Como vitrines, as bienais fazem essa arte chegar a mais público do que cada uma das obras sozinha alcançaria, agindo na ampliação de seu alcance — seja porque estabelecem continuidade, porque contam com parcerias e, por isso, um declarado respaldo, seja porque o fator de concentração (de tantas obras em um breve período) potencializa a recepção. Frente à atual situação de temporadas encurtadas e recursos escassos, a estrutura das bienais cria oportunidade ímpar para públicos (tanto os já afeitos como os potenciais) encontrarem a dança.

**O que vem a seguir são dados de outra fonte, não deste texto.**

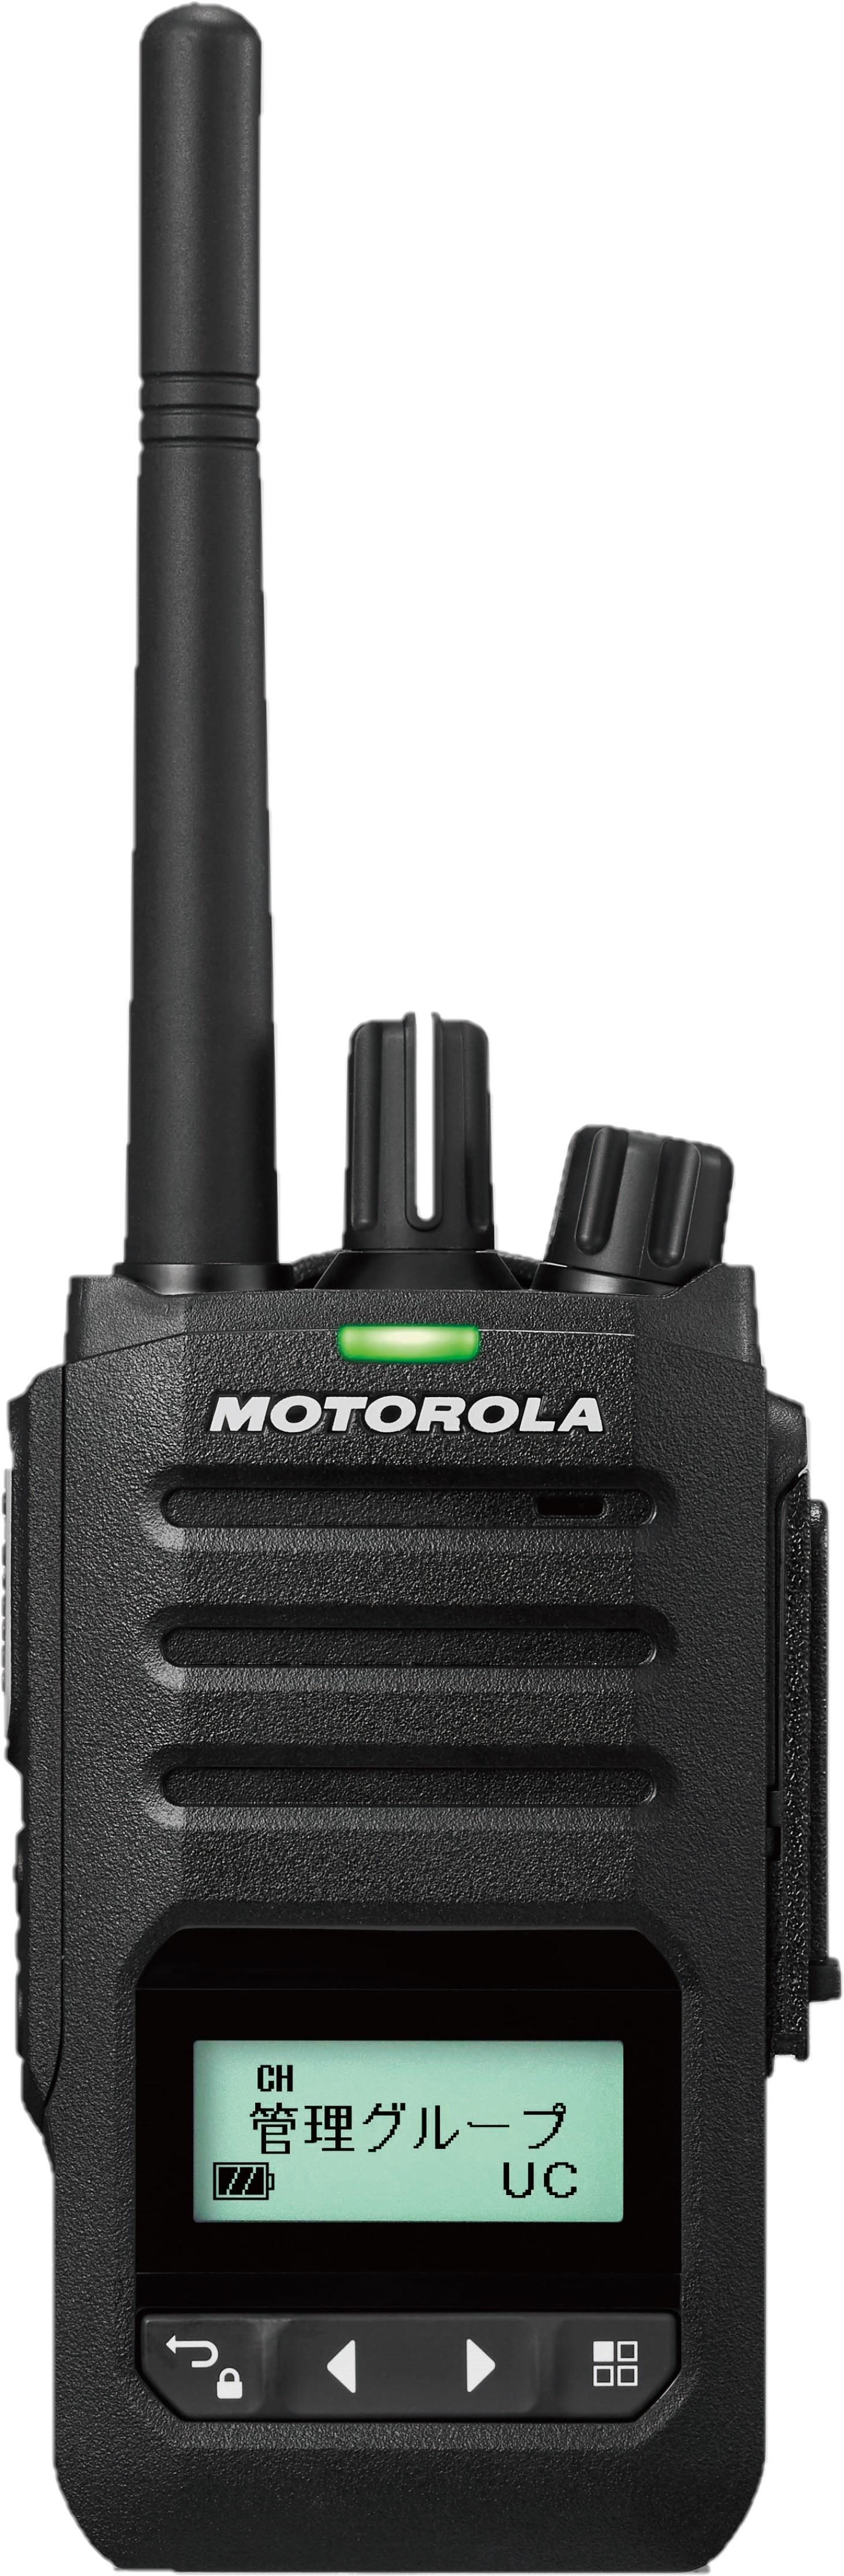 モトローラ MiT3000

Essa é a primeira forma de mediação das curadorias: elas conectam públicos e obras de arte, através de operações de seleção, apresentação, e construção de repertórios e entendimentos — dessa forma, pensar curadoria e programação é pensar em poder. As escolhas das curadorias são responsáveis não apenas pelo sucesso de uma edição, ou pela aprovação e interesse das plateias: mais que isso, elas são responsáveis por uma maior aceitação da dança e sua cristalização enquanto desejo do público.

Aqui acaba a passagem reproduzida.